Gubernatorial candidate Nathan Deal is reeling after a U.S. bankruptcy judge ordered the reopening of a 2009 bankruptcy filing by Deal’s daughter Carrie Deal Wilder and his son-in-law Clint Wilder.
A U.S. bankruptcy trustee sought to reopen the Wilders’ case after it was revealed that Clint Wilder was not eligible for a discharge of his debts, including those from the sporting goods store, because he did not divulge a prior bankruptcy in 2001.
A debtor must wait at least 8 years after having their debts discharged in Chapter 7 bankruptcy to file again. Failure to disclose a previous bankruptcy, as is alleged in the Wilder’s case can result in a bankruptcy discharge denial or a bankruptcy discharge that has been granted can be rescinded. Clint Wilder filed his first bankruptcy in November 2001 and then filed bankruptcy again in July 2009 just four months shy of the 8 year limit. But when Wilder was asked if he had filed bankruptcy within the last 8 years, he said that had not.

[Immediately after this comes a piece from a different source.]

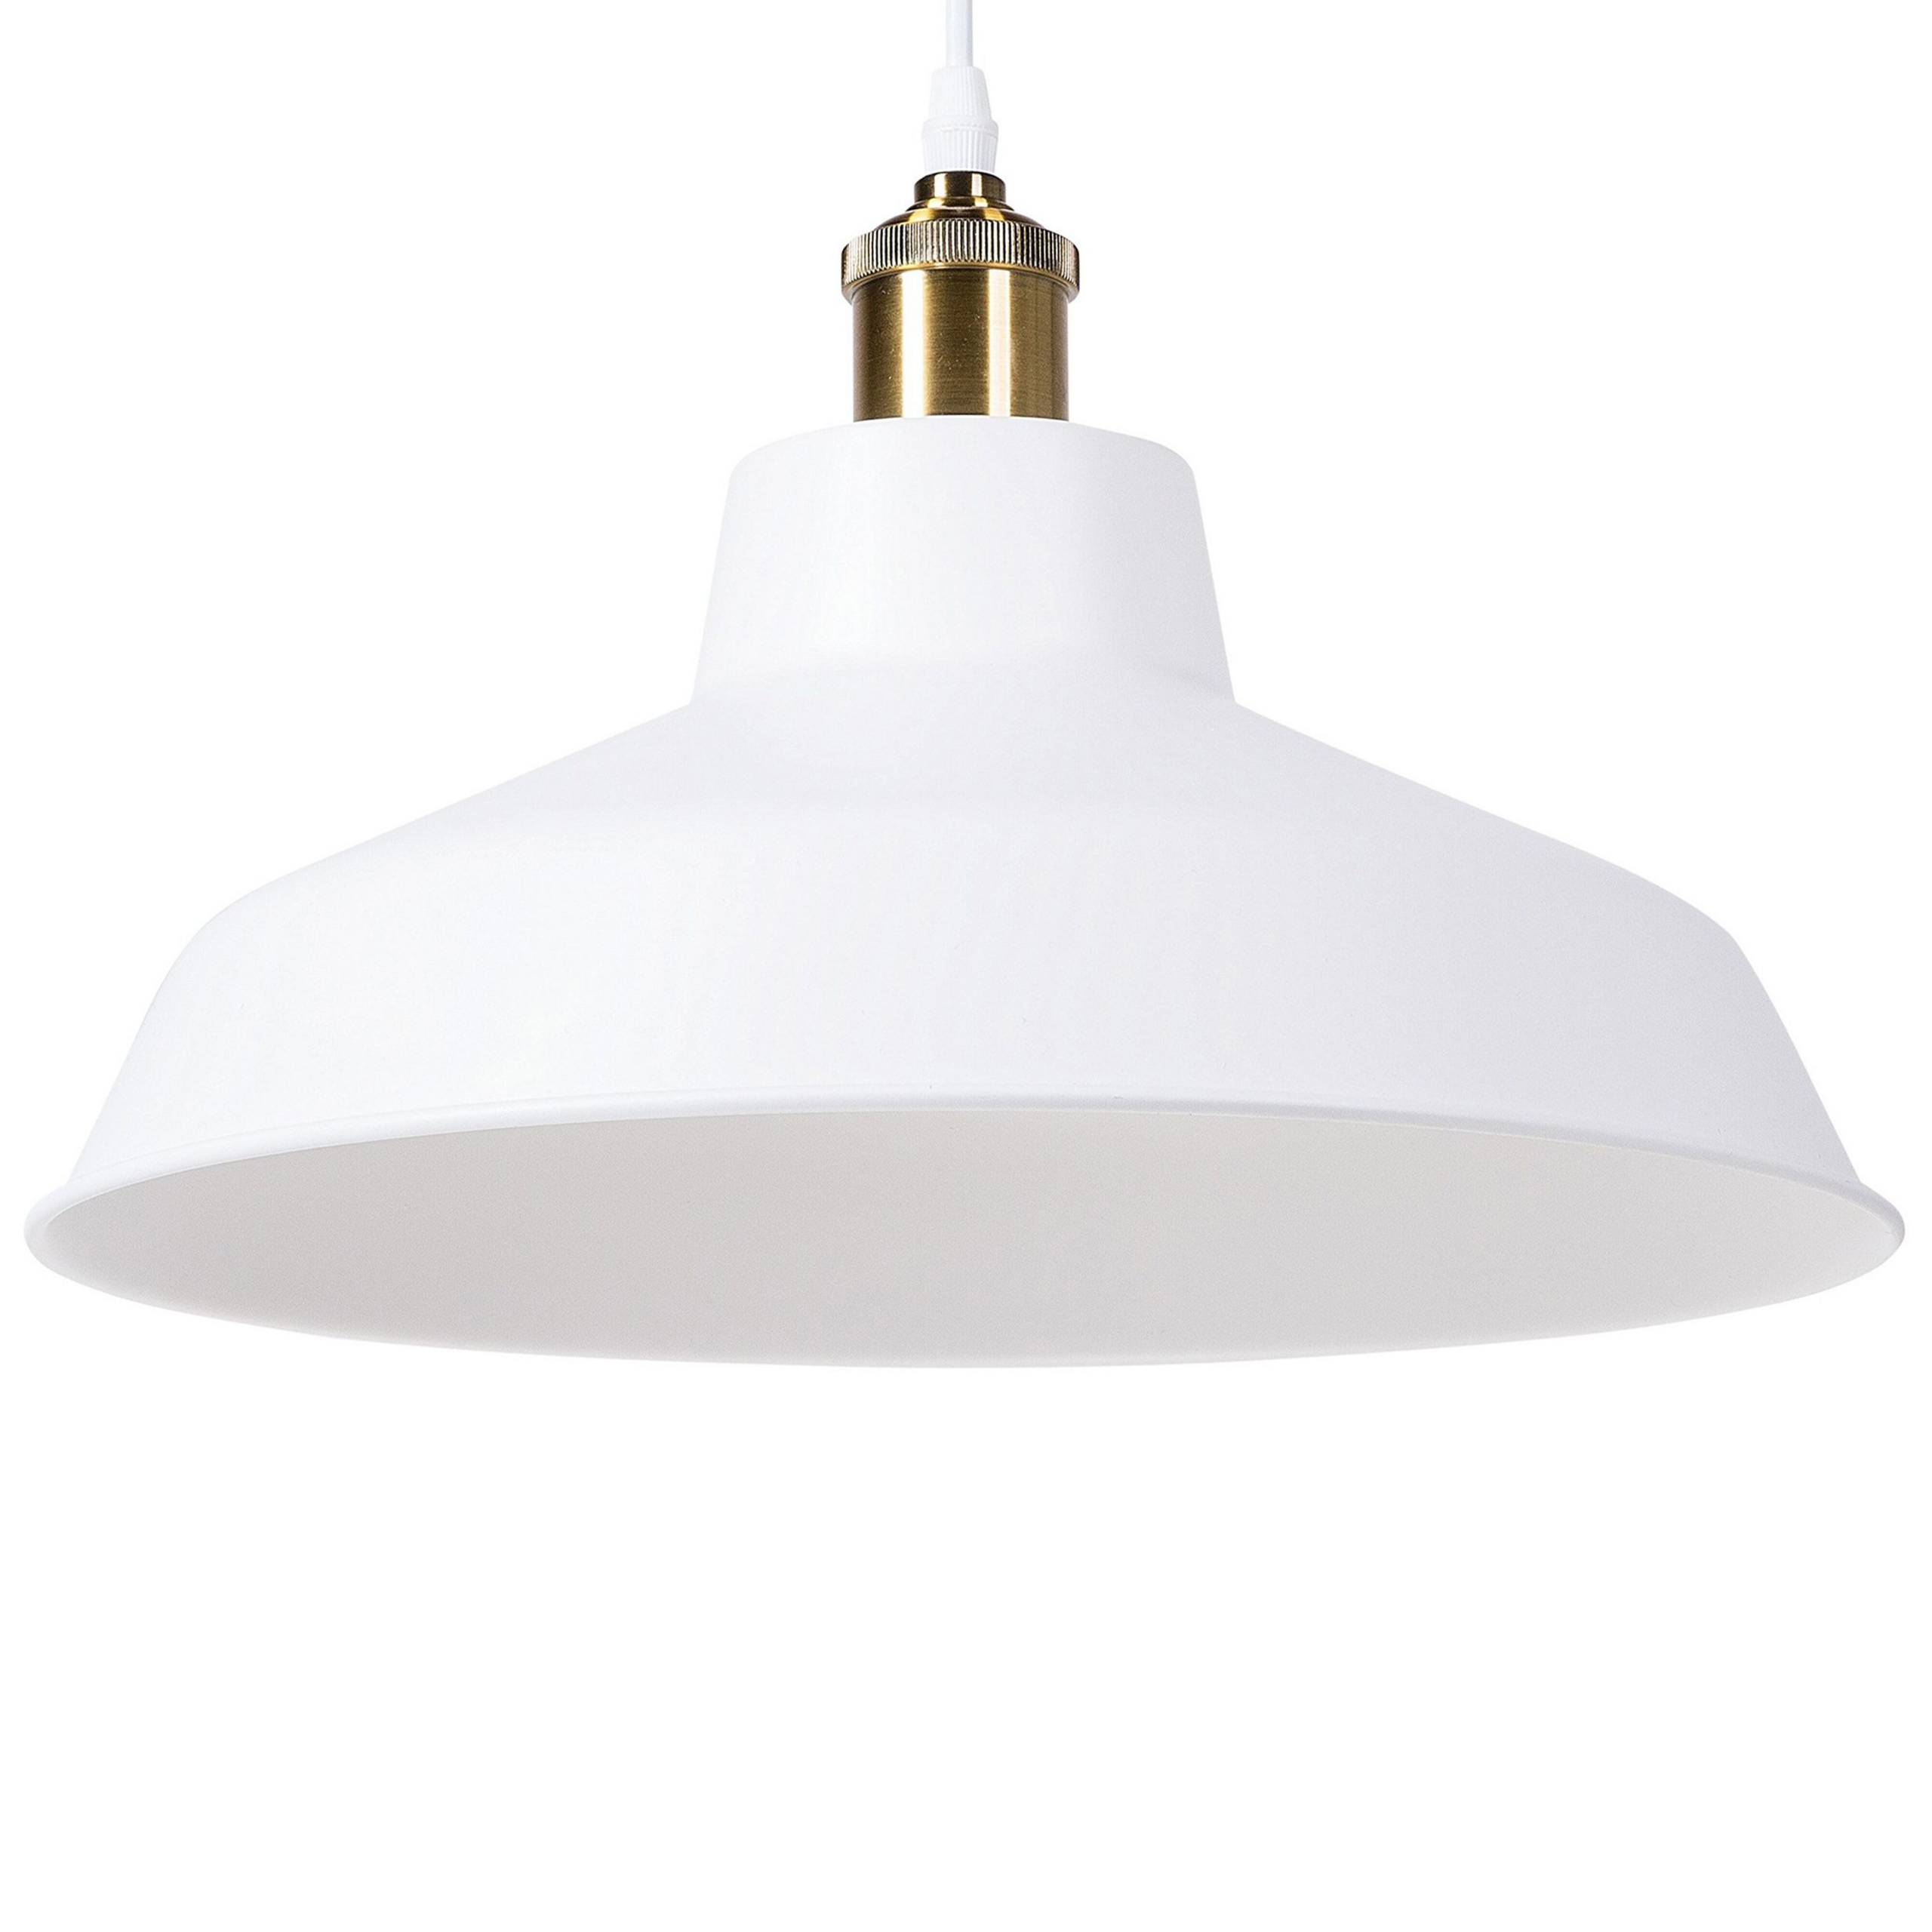 Beliani Hanging Light Pendant Lamp White Round Metal Shade Industrial Design

Could this be just an honest mistake? Perhaps, but even if the debtor honestly made a mistake in thinking he had not filed bankruptcy less than 8 years earlier that does not change the bankruptcy laws and will result in his 2009 bankruptcy discharge being rescinded. If the debtor’s 2009 bankruptcy discharge is rescinded, the debtor will be forced to repay those debts. And if it is determined that the debtor acted in bad faith when he failed to disclose his previous bankruptcy, the debtor could face sanctions or even a charge of bankruptcy fraud.